GADDI, Taddeo
(b. 1300, Firenze, d. 1366, Firenze)

Madonna and Child Enthroned with Angels and Saints

1355
Tempera on wood, 154 x 80 cm
Galleria degli Uffizi, Florence

This painting and the small Berlin triptych of 1353 are the only signed and dated works by Taddeo Gaddi that have survived, works that are therefore highly important for establishing a point of reference for this master's late style. The figures of St Mary Magdalen and St Catherine are seen standing on each side of the Virgin. The coat of arms of the Segni family appears on the base of the throne.

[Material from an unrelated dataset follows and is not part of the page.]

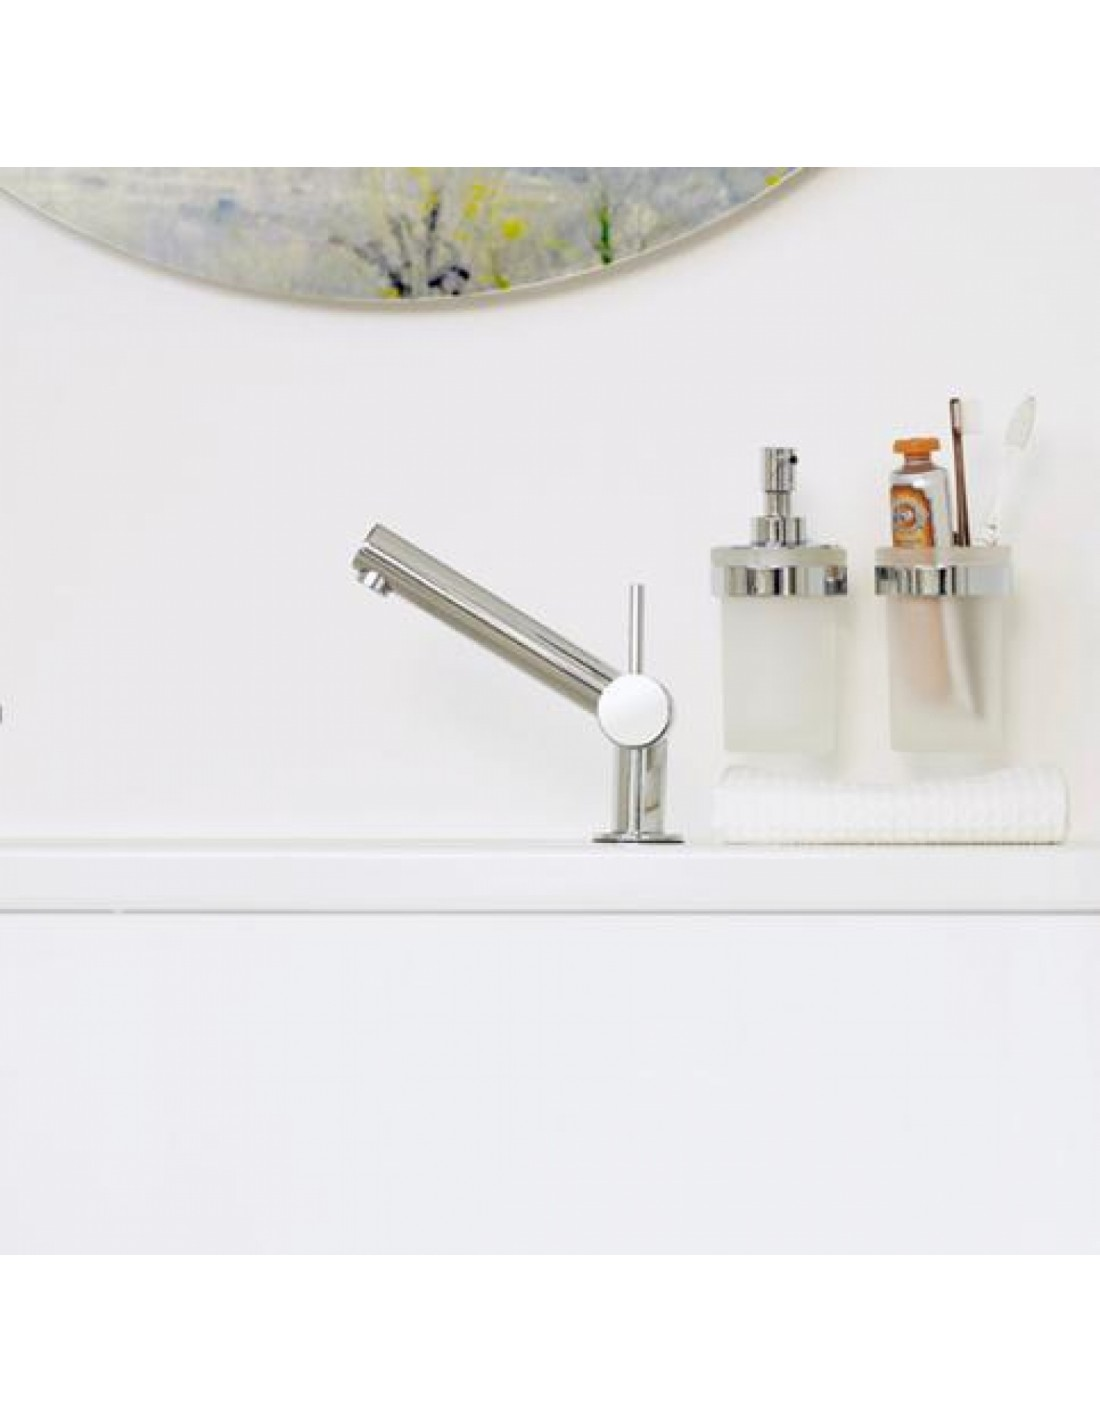 distributeur de savon liquide mural verre coller duo round. Black Bedroom Furniture Sets. Home Design Ideas

Taddeo Gaddi worked with Giotto for twenty six years. He was responsible for popularising the master's style and laid the foundations on which the painting of the second half of the fourteenth century was built.

Like other contemporary artists, Gaddi attempted to fuse the two great cultural sources represented by Giotto and Ambrogio Lorenzetti; the result is a nobly oratorical style, with little emphasis on the narrative dimension, and a dissolving of Giottesque drama into a dignified yet academic oratory. A serene monumentality pervades the entire composition.

The work is highly important for our understanding of Taddeo Gaddi's late style for it seems to reflect a period of uncertainty, perhaps of crisis, towards Giottesque models.